Il fragile rapporto tra verità e politica. Un ricordo di Hannah Arendt

In un mondo, come quello odierno, a cui assistiamo ad un prolificare di notizie totalmente false, alimentate soprattutto dai potenti della terra – politici, grandi della finanza e della comunicazione, ecc. – la ripubblicazione recente di un piccolo testo di grande spessore, “Verità e politica” (Bollati Boringhieri, 2025), mi fornisce lo spunto per commemorare uno dei giganti del pensiero occidentale a cinquanta anni dalla scomparsa, la filosofa, storica, politologa e saggista Hannah Arendt, nata in Germania da una famiglia ebrea ad Hannover il 14 ottobre 1906 e fuggita, per sottrarsi alla persecuzione nazista, nel 1940 negli USA, dove morì il 4 dicembre 1975. Per farlo, partirei da un documento per me sconvolgente sul rapporto tra verità e politica.

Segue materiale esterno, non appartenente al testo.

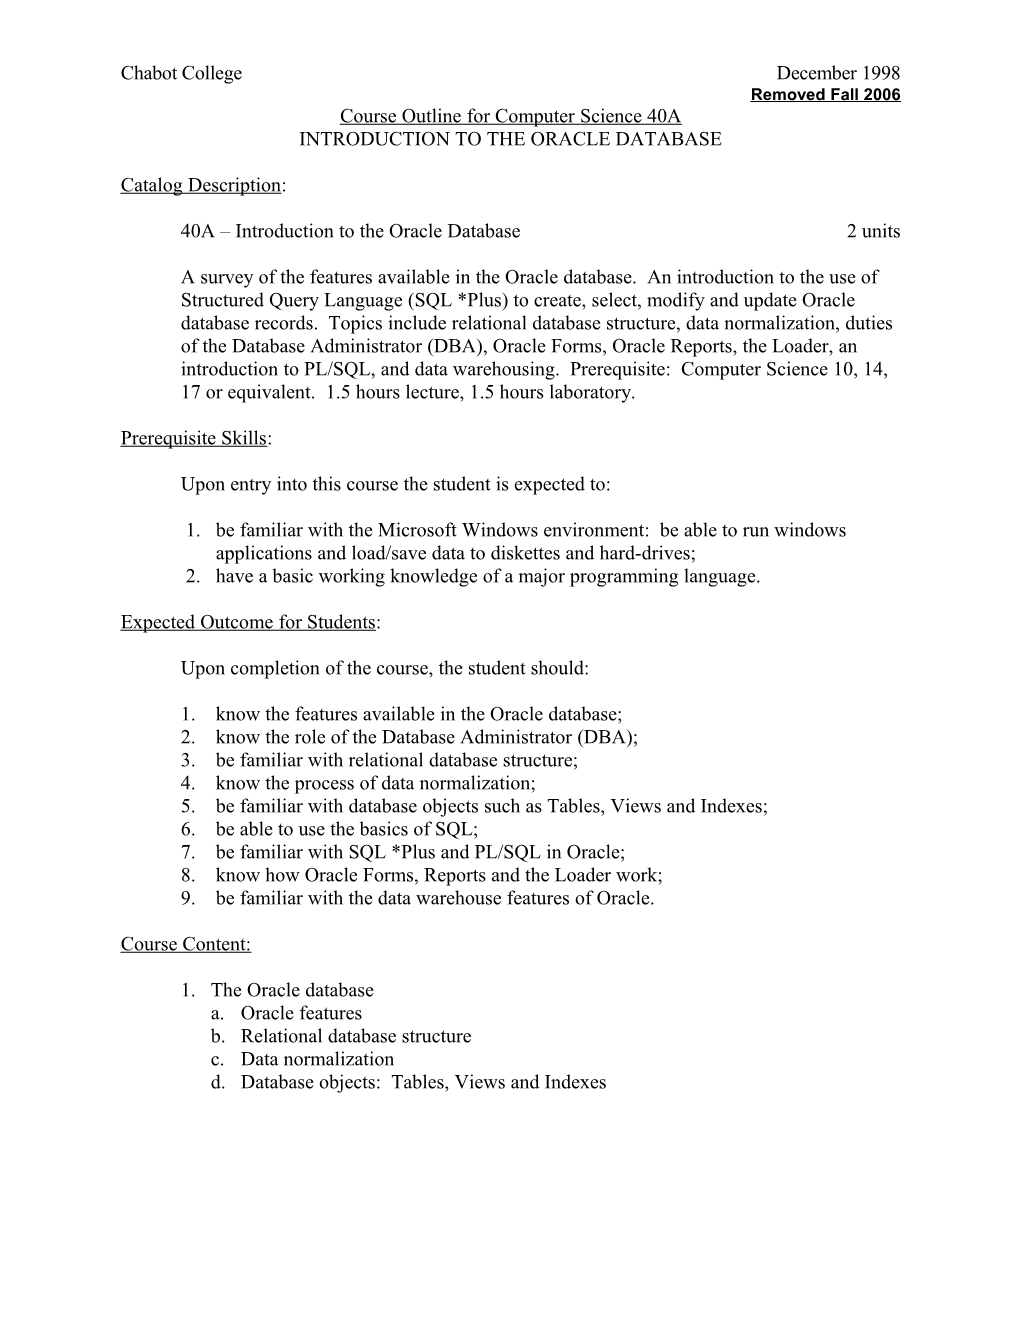 Course Outline for Computer Science 40A

“Il 9 aprile, bande di terroristi attaccarono pacifico villaggio di Deir Yassin, che non era un obiettivo militare, uccidendo la maggior parte dei suoi abitanti (240 tra uomini, donne e bambini) e trasportando alcuni di loro come trofei vivi in una parata per le strade di Gerusalemme… i terroristi, invece di vergognarsi del loro atto, si vantarono del massacro, lo pubblicizzarono e invitarono tutti i corrispondenti stranieri presenti nel paese a vedere i mucchi di cadaveri e la totale devastazione a Deir Yassin… All’interno della comunità ebraica hanno predicato un misto di ultranazionalismo, misticismo religioso e superiorità razziale. Come altri partiti fascisti sono stati impiegati per interrompere gli scioperi e per la distruzione delle unioni sindacali libere. Al loro posto hanno proposto unioni corporative sul modello fascista italiano”. Questo gruppo era guidato dal futuro primo ministro israeliano Menachem Begin, capo del Partito della Libertà, creato al momento della proclamazione dello Stato di Israele nel 1948.

Chi è l’autore di questo testo? Un terrorista islamico? Qualche nostalgico comunista italiano? Affatto: si tratta di un documento-appello di ventotto intellettuali ebrei, tra i quali spiccano i nomi di Hannah Arendt e di Albert Einstein, inviato alla redazione del New York Times, il 2 dicembre 1948, per denunciare la doppia faccia di Begin, giunto negli USA per una raccolta fondi a sostegno del nuovo stato israeliano, ma che aveva ideato l’attacco “terroristico” contro un villaggio palestinese senza colpe: “Le confessioni pubbliche del sig. Begin non sono utili per capire il suo vero carattere. Oggi parla di libertà, democrazia e antimperialismo, mentre fino ad ora ha apertamente predicato la dottrina dello stato fascista. È nelle sue azioni che il partito terrorista tradisce il suo reale carattere, dalle sue azioni passate noi possiamo giudicare ciò che farà nel futuro”. Terribile l’ultima frase: dalle sue azioni passate noi possiamo giudicare ciò che farà nel futuro. E’ da qui che parte la strada che porterà la destra israeliana all’omicidio di Yishaq Rabin nel 1995 e al genocidio di Gaza oggi?

Ed ecco la prima riflessione. Pensate che Hannah Arendt, con gli altri, fosse contenta di denunciare a chiare lettere un misfatto compiuto da ebrei? Aveva forse rotto ogni legame con il proprio popolo, che in minima parte era uscito miracolosamente indenne dal genocidio organizzato da Hitler? Non era rimasto in lei alcun tipo di solidarietà con la sua gente che aveva rischiato l’annientamento? 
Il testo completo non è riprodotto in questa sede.